Question

Two circular coils $X$ and $Y$ have equal number of turns and carry equal currents in the same sense and subtend the same solid angle at point $\left( O \right)$ . If the smaller coil $X$ is midway between $O$ and $Y$ , then if we represent magnetic induction due to bigger coil $Y$ at $O$ as ${B_Y}$ , and that due to smaller coil $X$ at $O$ as ${B_X}$ , then
A. $\dfrac{{{B_Y}}}{{{B_X}}} = 1$
B. $\dfrac{{{B_Y}}}{{{B_X}}} = 2$
C. $\dfrac{{{B_Y}}}{{{B_X}}} = \dfrac{1}{2}$
D. $\dfrac{{{B_Y}}}{{{B_X}}} = \dfrac{1}{4}$

Answer 1

In this question, we are given two coils carrying the same current and having the same number of turns.

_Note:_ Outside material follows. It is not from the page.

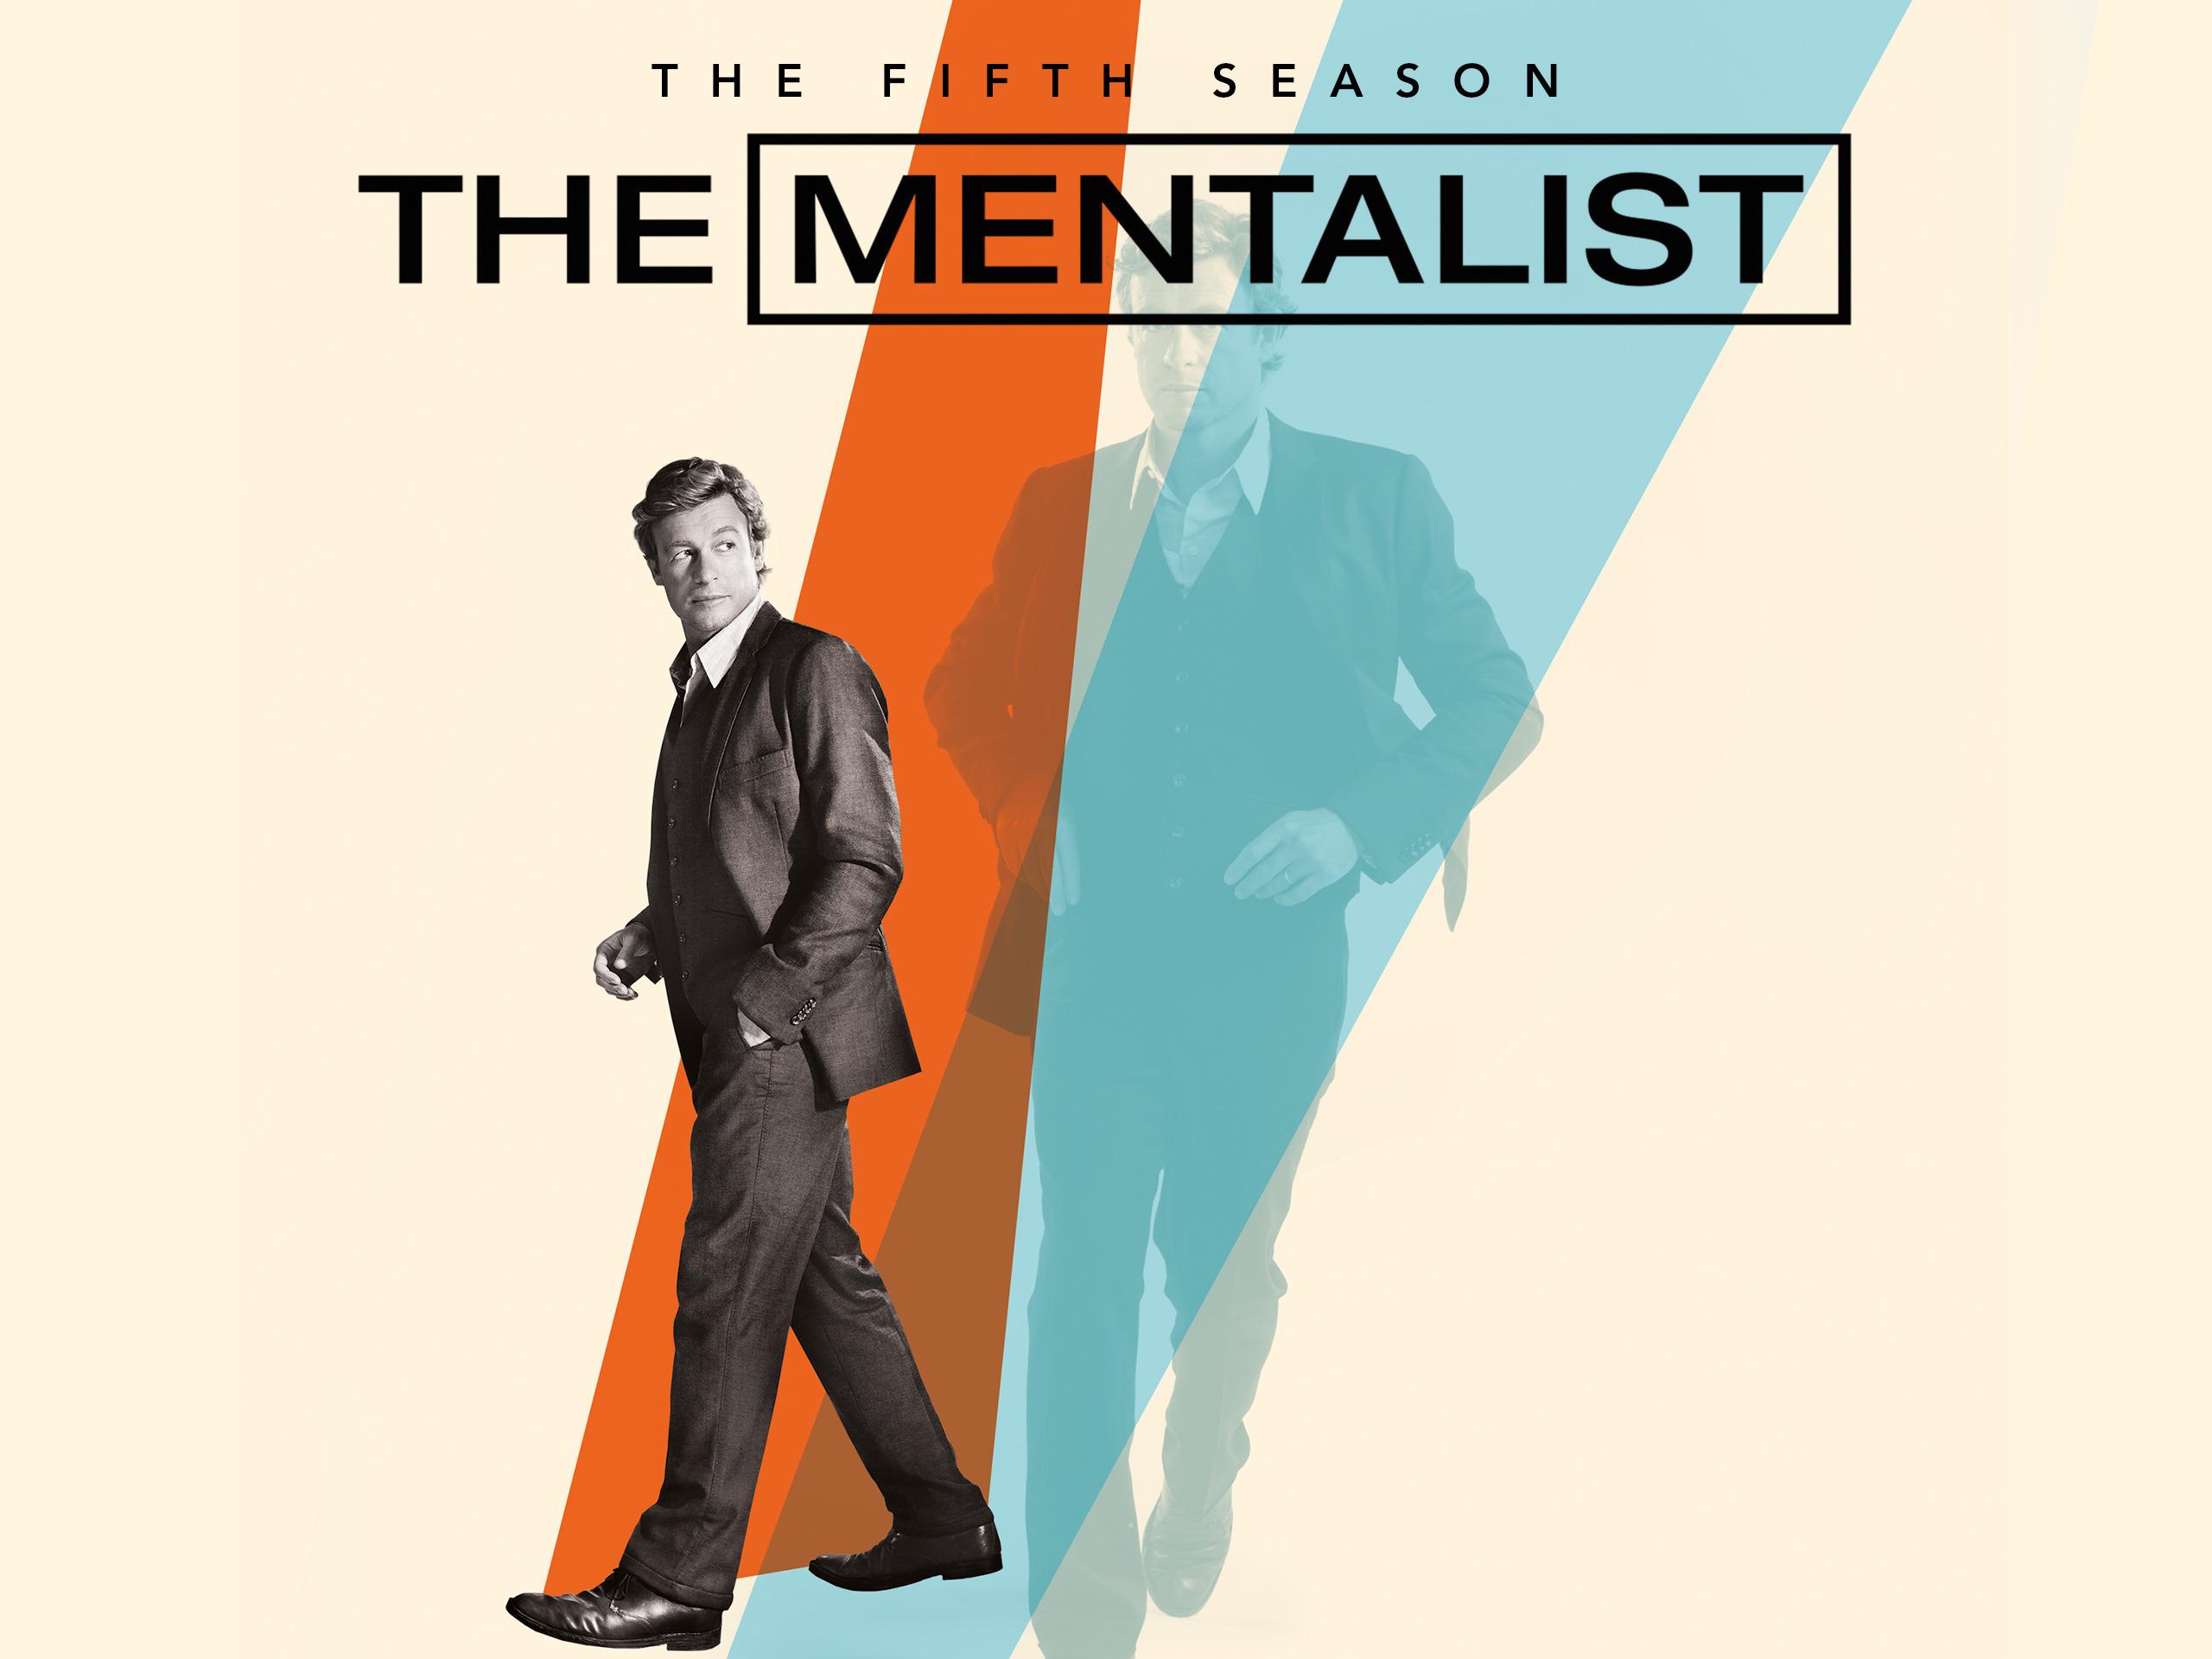 Prime Video: The Mentalist: The Complete Fifth Season

As they subtend the same solid angle at point $O$ and the smaller coil is midway between the larger coil and point $O$ . By using geometry we can say, Radius of the larger coil is twice the radius of smaller coil and we can find out the magnetic field due to coil at a distance $x$ using the formula $B = \dfrac{{{\mu _0}NI{R^2}}}{{2{{\left( {{R^2} + {x^2}} \right)}^{3/2}}}}$
Magnetic field due at the axis of a circular current-carrying coil, $B = \dfrac{{{\mu _0}NI{R^2}}}{{2{{\left( {{R^2} + {x^2}} \right)}^{3/2}}}}$
Where $B$ is the magnetic field at the axis
$R$ is the radius of the coil
$I$ is the current carried by the coil
$N$ is the number of turns in the coil
$x$ is the distance from the center of the coil.

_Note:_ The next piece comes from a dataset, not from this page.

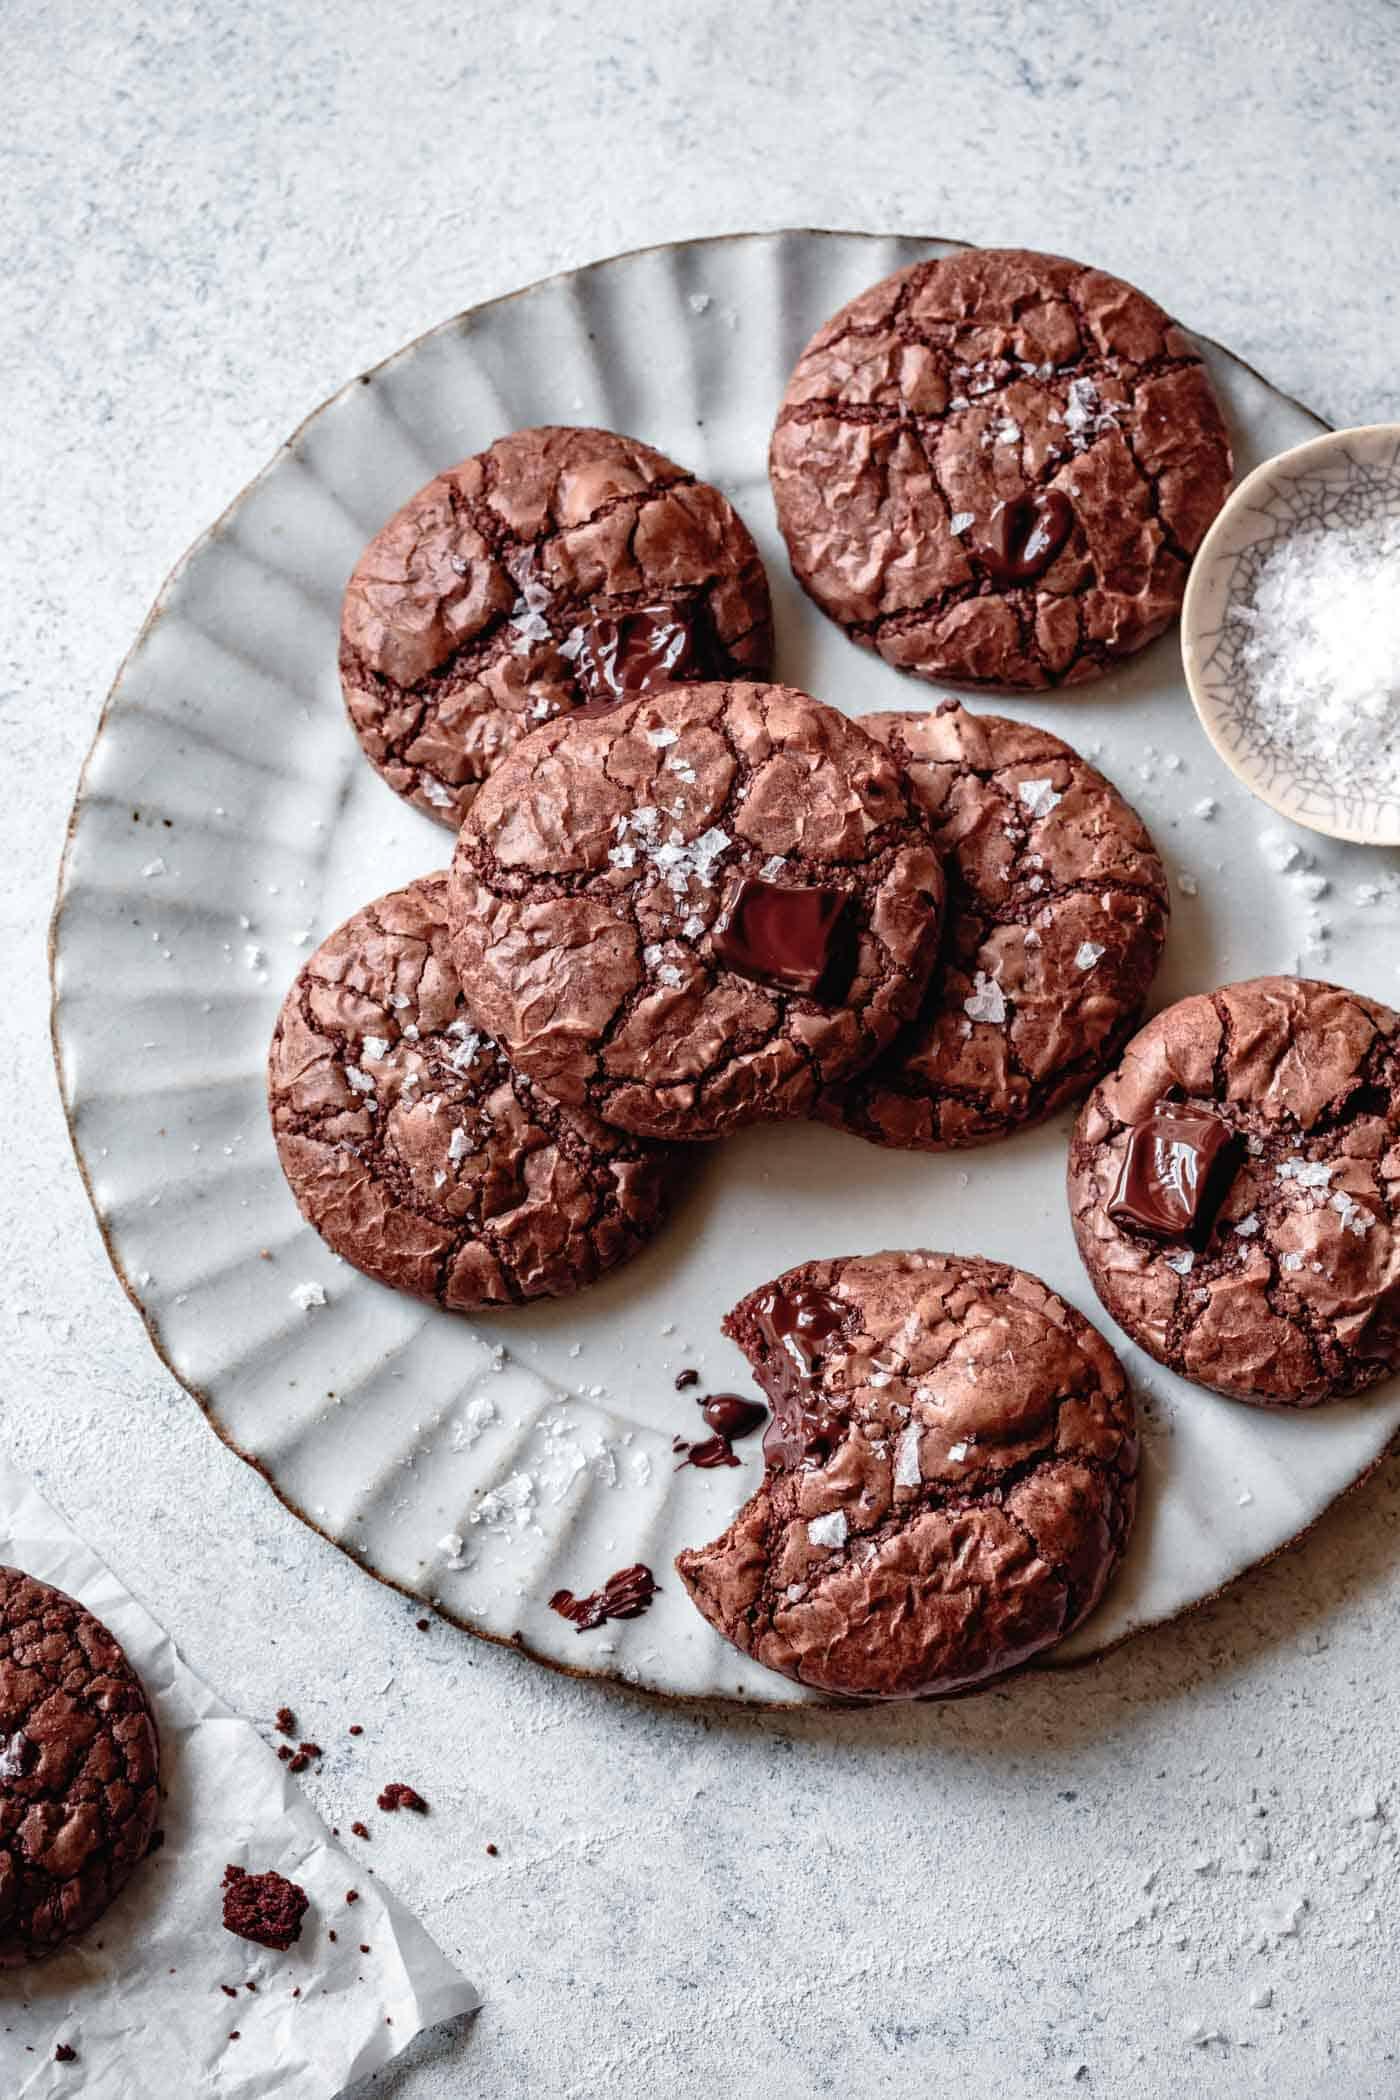 plate of gluten-free dairy-free chocolate cookies

Complete step by step answer:
We are given two coils $X$ and $Y$ having an equal number of turns $N$ and carrying an equal amount of current $I$
Distance of centre of coil $X$ from the point $O$ is $d$
As coil $X$ is midway between $Y$ and $O$ ,
Distance of centre of coil $Y$ and $O$ is $2d$
Let radius of coil $Y$ be $R$ and radius of coil $X$ be $r$
Both the coils subtend same angle at point $O$ thus,
$\dfrac{r}{d} = \dfrac{R}{{2d}}$
$\Rightarrow R = 2r$
Now, the magnetic field at point $O$ due to bigger coil $Y$ , ${B_Y} = \dfrac{{{\mu _0}NI{R^2}}}{{2{{\left( {{R^2} + {{\left( {2d} \right)}^2}} \right)}^{3/2}}}}$
Substituting $R = 2r$ we get,
$\Rightarrow {B_Y} = \dfrac{{{\mu _0}NI\left( {4{r^2}} \right)}}{{2{{\left( {4{r^2} + 4{d^2}} \right)}^{3/2}}}}$
$\Rightarrow {B_Y} = \dfrac{{{\mu _0}NI\left( {4{r^2}} \right)}}{{2 \times 8{{\left( {{r^2} + {d^2}} \right)}^{3/2}}}}$
$\Rightarrow {B_Y} = \dfrac{{{\mu _0}NI{r^2}}}{{4{{\left( {{r^2} + {d^2}} \right)}^{3/2}}}}$
Magnetic field at point $O$ due to smaller coil $X$ , ${B_X} = \dfrac{{{\mu _0}NI{r^2}}}{{2{{\left( {{r^2} + {d^2}} \right)}^{3/2}}}}$
Therefore, $\dfrac{{{B_Y}}}{{{B_X}}} = \dfrac{{\dfrac{{{\mu _0}NI{r^2}}}{{4{{\left( {{r^2} + {d^2}} \right)}^{3/2}}}}}}{{\dfrac{{{\mu _0}NI{r^2}}}{{2{{\left( {{r^2} + {d^2}} \right)}^{3/2}}}}}} \Rightarrow \dfrac{1}{2}$
$\dfrac{{{B_Y}}}{{{B_X}}} = \dfrac{1}{2}$
Hence, the correct option is option C.

Note:
Magnetic field at the center of the coil is maximum and is equal to ${B_X} = \dfrac{{{\mu _0}NI}}{{2R}}$ . The magnetic field along the axis of the coil keeps on decreasing as we move away from the center of the coil and at far points, $x \gg R$ magnetic field becomes, $B = \dfrac{{{\mu _0}NI{R^2}}}{{2{x^3}}}$ .